The other morning I cycled around the Dutch town where I grew up. Behind our old house, the field where I spent half my childhood is now covered with homes. So is my old football club. My high school is now in a built-up area. At the local train station, the bike shed was full on a Saturday afternoon. When I got to Amsterdam, the business-traveller economy appeared to have broken down: endless waits for Ubers, nobody at hotel reception, restaurants closed at lunchtime for want of waiters.
I know over-construction and understaffing are now global problems, but they are particularly acute in the Netherlands. The country has run out of space and staff. Sure, a recession may temporarily loosen the jobs market, but the problem was acute pre-pandemic and will simply resurface whenever growth resumes. The Netherlands is probably the first country to hit the limits of economic growth.
Other overdeveloped places such as the Bay Area, New York and Singapore may follow, running out of room for new workers and businesses. This raises the question: can a rich place be happy if its economy stops growing?

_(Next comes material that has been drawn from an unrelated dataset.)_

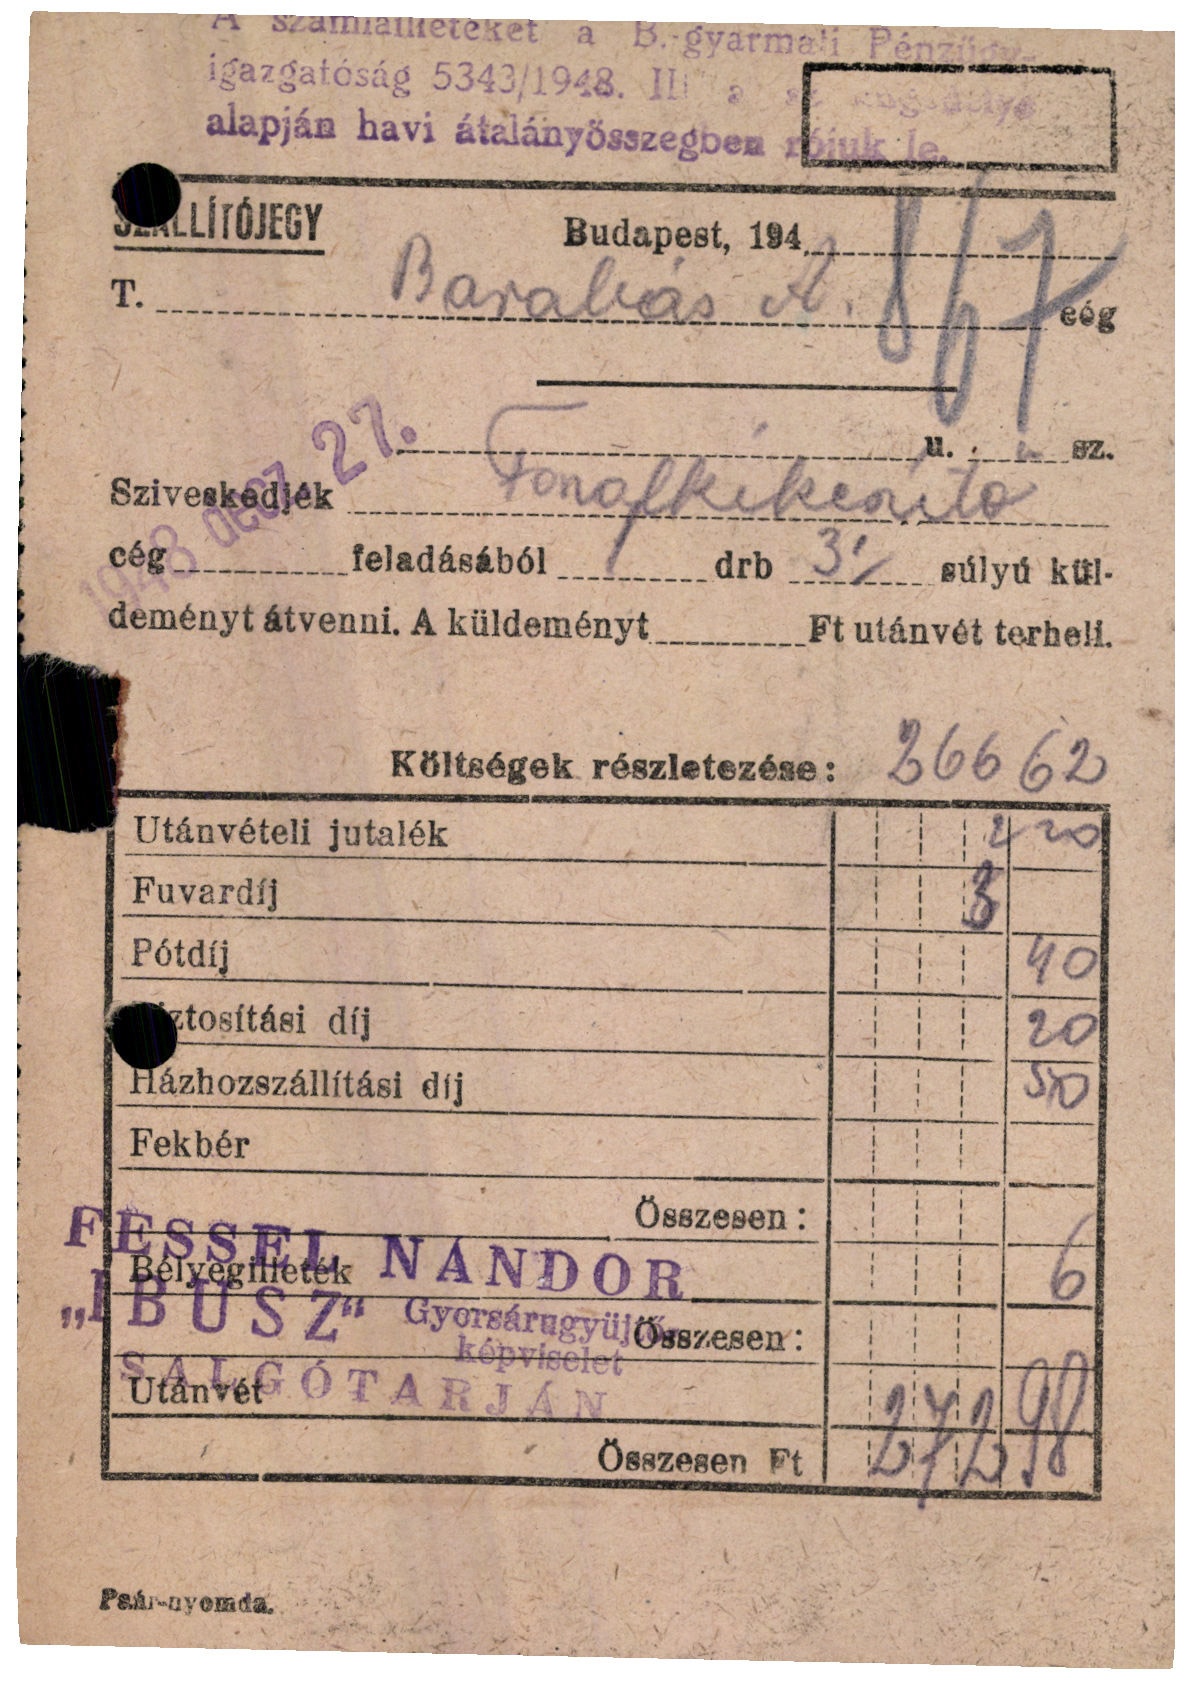 Fessel Nándor "IBUSZ" gyorsárugyűjtő képviselet (Magyar Kereskedelmi és Vendéglátóipari Múzeum CC BY-NC-SA)

With hindsight, the Netherlands was too well-suited to the era of globalisation. The trading nation with Europe’s biggest port experienced 26 years of unbroken economic growth until 2008, then a world record. Now it tops ETH Zurich’s KOF Globalisation Index as the world’s most globalised country.
And so its population mushroomed. When the counter hit 14 million in 1979, Queen Juliana said, “Our country is full.” In 2010, Statistics Netherlands said the population would probably never reach 18 million. Today it’s 17.7 million and rising. The country has 507 people per sq km, nearly five times the EU’s average. Worse, the quantity of liveable land will shrink due to a paradoxical mix of rising seas and droughts damaging the foundations of houses.
But the Dutch economy’s demand for new workers seems insatiable. Eighty-four per cent of employers report labour shortages, one government study found. Recruitment signs are almost standard in shop windows. Employers even offer new recruits free holidays.
One constraint on growth is that the Dutch enjoy the developed world’s shortest average work week, at just 30.3 hours. Six workers in 10 – predominantly women – are either part-timers or temps. The government is planning a bonus for anyone going full-time, but many people prefer daytime cappuccinos in the local café, assuming they can get served. Why give up your relaxt life and permanent contract to alleviate understaffing in old-age homes? Importing more migrant workers isn’t a popular idea. In June, the far right shouted down the minister who suggested recruiting youths from poor French suburbs.
And so every growth opportunity hits capacity constraints. I recently queued for three hours at Schiphol airport, global aviation’s second-biggest hub, because it cannot find enough security guards. The foreign students flooding Dutch universities cannot find housing. Amidst an energy crisis, the Dutch are closing Europe’s largest natural gas reserve because, in a packed country, drilling-induced earthquakes upset the neighbours.
Or take ASML, the global leader in chipmaking equipment. Based in a small town in the relatively quiet Dutch south-east, it’s a pillar of the western alliance in the budding confrontation with China. ASML hires hundreds of new employees every month, but just try finding them homes and babysitters. And local treehuggers have delayed ASML’s dreamt-of bike path to its headquarters.
Fantastically productive Dutch farms have made this tiny country the world’s second-largest agricultural exporter. But many of its 15 million pigs and cows live next to protected natural areas, so their nitrogen emissions break EU laws. The government is enraging farmers by closing farms. In theory, that frees space for new homes, but who will build them and where would the builders stay? In short, to use Liz Truss’s language, Dutch reality is an anti-growth coalition.
Even automation wouldn’t fix sectors like old-age care and construction. Eventually the country might have to target “stabilisation of population size” by limiting labour migration, advised the head of the Dutch labour inspectorate. The new State Commission Demographic Developments 2050 – and Dutch state commissions shape policy – may agree.
Does a rich country need more carbon-emitting growth? “We focus far too much on purchasing power, but extra purchasing power barely makes us happier,” says Sandra Phlippen, ABN Amro Bank’s chief economist. However, she notes, we’ve seen in recent years how people in stagnant economies “become angry and unsatisfied”. If the limits of growth are in sight, watch out.